New Delhi, Nov 25: The net financial assets of households went up to Rs 9.9 lakh crore or 6 per cent of GDP in FY25, compared to 5.3 per cent in previous fiscal (FY24), Finance Minister Nirmala Sitharaman said on Tuesday.
Meanwhile, financial liabilities of households dropped sharply to Rs 15.7 lakh crore in FY25 or 4.7 per cent of GDP compared to the previous year, FM Sitharaman said in an X post.
“Net financial assets rose to Rs 9.9 lakh crore, or 6 per cent of GDP, in FY25, recovering smartly from 5.3 per cent of GDP in FY24,” according to the latest RBI data.
This is a sharp turnaround from just two years ago, when household savings slumped to 4.9 per cent of GDP in FY23 — lowest since early 1970s.
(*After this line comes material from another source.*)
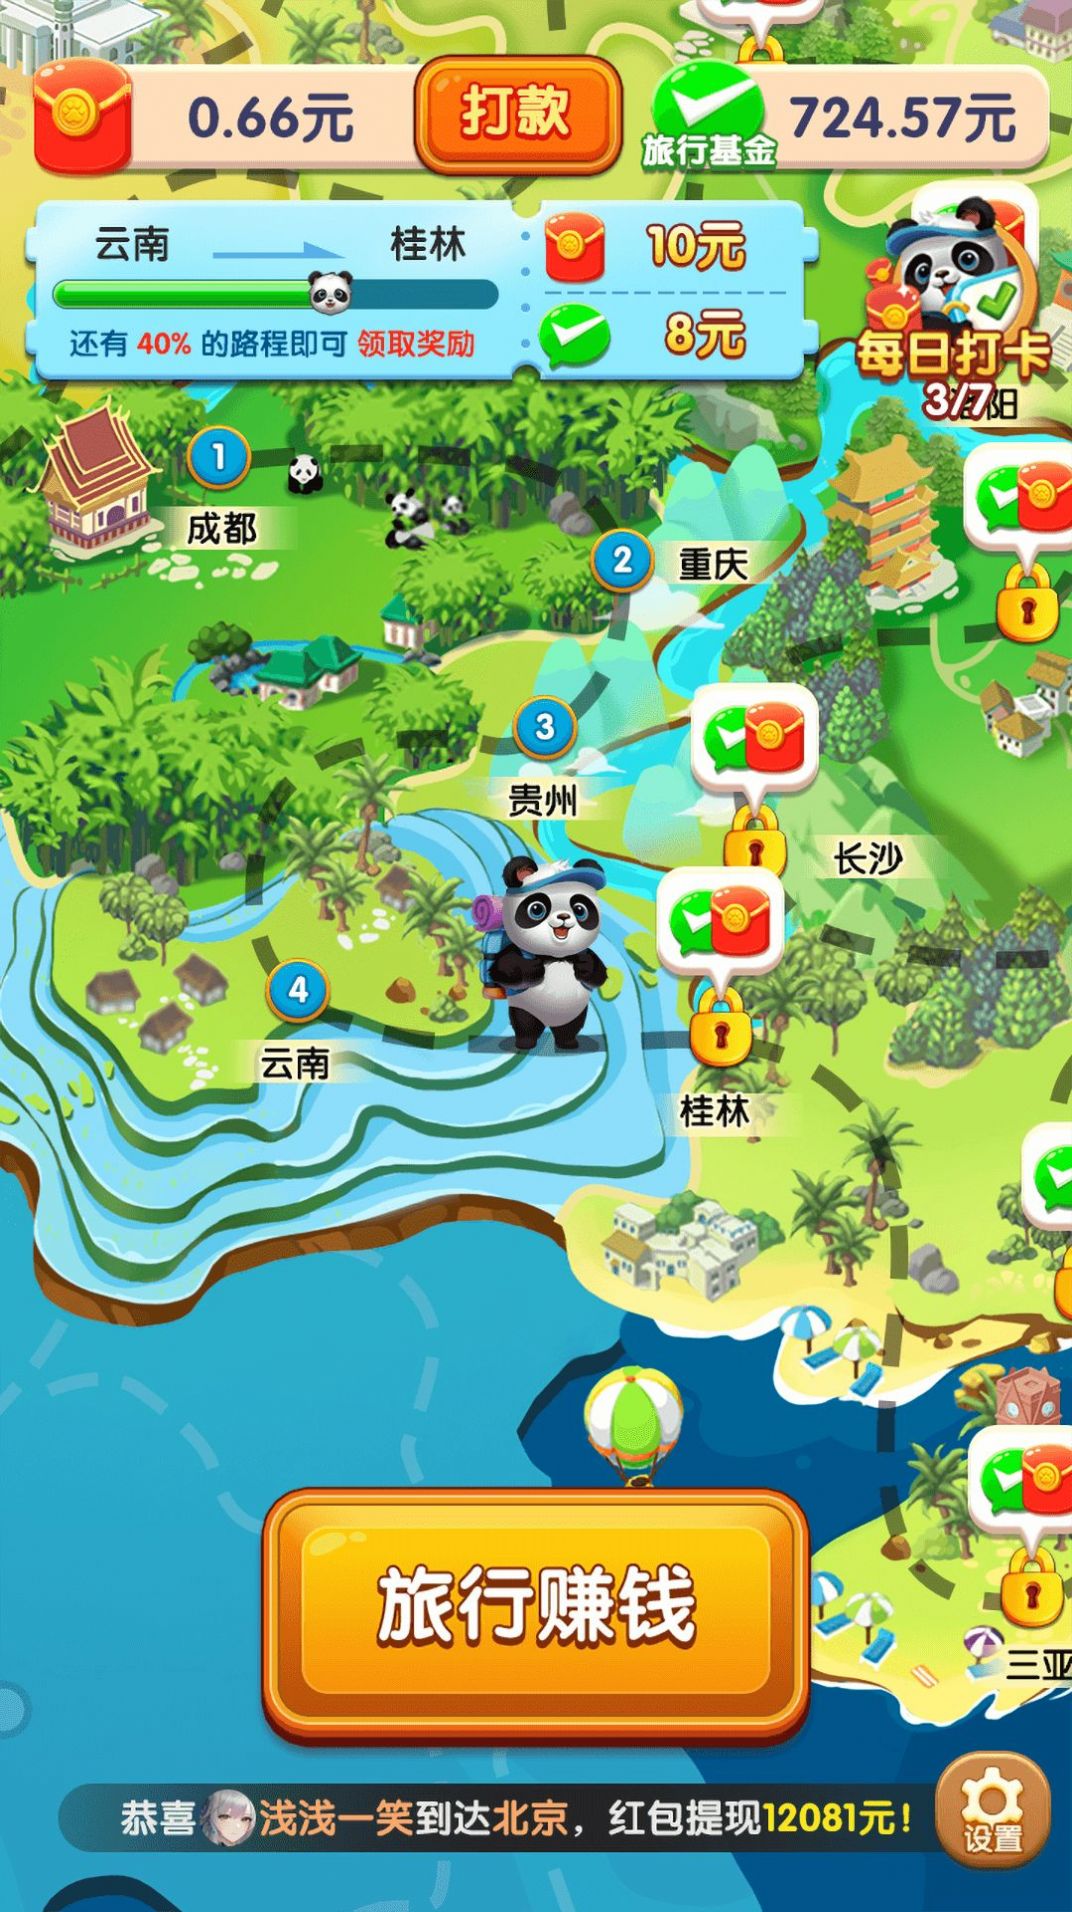 熊猫爱旅行1.2.4.0版截图(3)

The recovery suggests households are rebuilding financial buffers more quickly than expected as the post-pandemic income revival broadens.
This adjustment is also reflected in the management of household liabilities. Financial debt contracted sharply to Rs 15.7 lakh crore (4.7 per cent of GDP) in FY25, from Rs 18.8 lakh crore (6.2 per cent of GDP), a quarter earlier.
This moderation aligns with the overall credit growth slipping to 12 per cent in FY25 from 16 per cent in FY24, partly due to tighter regulations around unsecured and retail loans.
Even as gold-backed loans continued to rise sign of preference for quick, collateralised borrowing, the pace may now be easing amid closer regulatory scrutiny of the segment.
What stands out most in the data is the growing appetite for equities. Market-linked instruments accounted for an all-time high of 15.1 per cent of household financial assets in FY25, up sharply from 8.7 per cent in FY24 and 7.3 per cent in FY23.
This sharp climb underlines the confidence of households in capital markets, buoyed by strong equity performance and the promise of superior returns. Simultaneously, the bank deposits’ share declined to 35.2 per cent in FY25 as people continued to gradually move their money away from low-yielding traditional savings instruments.